(DATA)

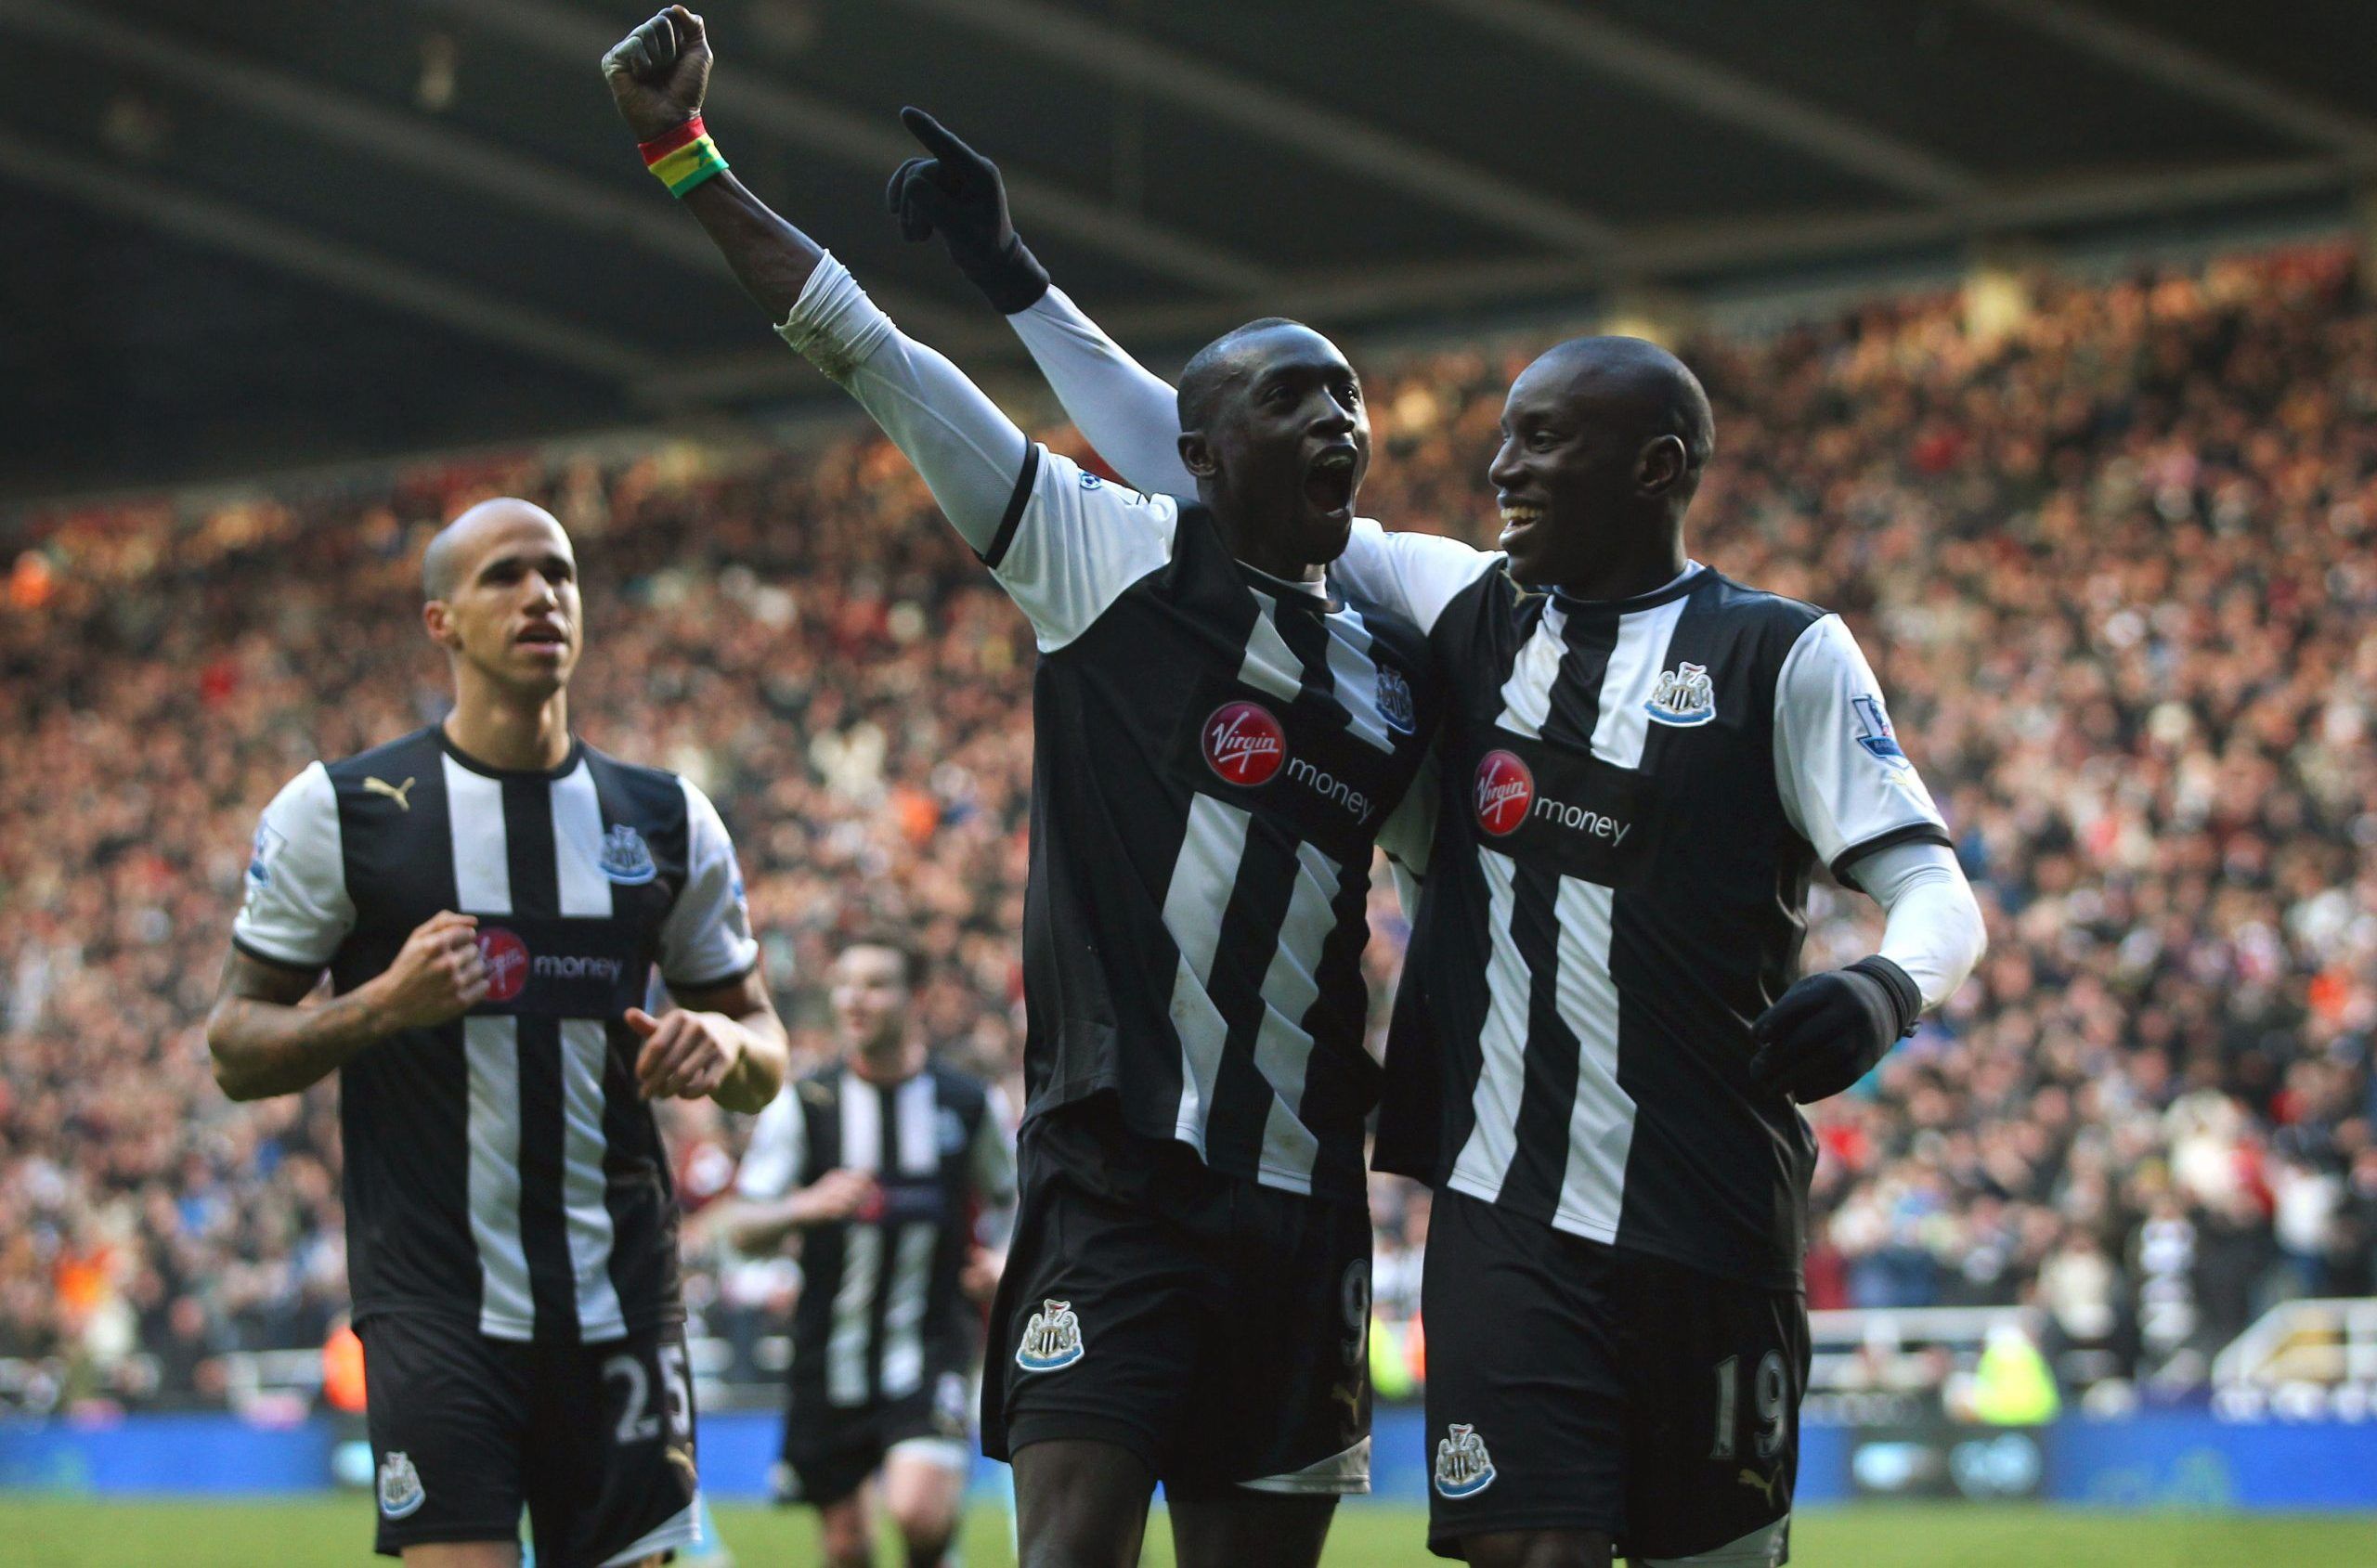 Football - Newcastle United v Aston Villa Barclays Premier League  - St James' Park - 5/2/12 
Papiss Cisse (L) celebrates with Demba Ba after scoring Newcastle's second goal 
Mandatory Credit: Action Images / Lee Smith 
Livepic 
EDITORIAL USE ONLY. No use with unauthorized audio, video, data, fixture lists, club/league logos or live services. Online in-match use limited to 45 images, no video emulation. No use in betting, games or single club/league/player publications.  Please contact your acco

(End DATA)

_REQUIRED WORK:_ The pictures stay out of the copy. Set down the entries above precisely.

_RESPONSE TO THE EXERCISE:_
 Football - Newcastle United v Aston Villa Barclays Premier League  - St James' Park - 5/2/12 
Papiss Cisse (L) celebrates with Demba Ba after scoring Newcastle's second goal 
Mandatory Credit: Action Images / Lee Smith 
Livepic 
EDITORIAL USE ONLY. No use with unauthorized audio, video, data, fixture lists, club/league logos or live services. Online in-match use limited to 45 images, no video emulation. No use in betting, games or single club/league/player publications.  Please contact your acco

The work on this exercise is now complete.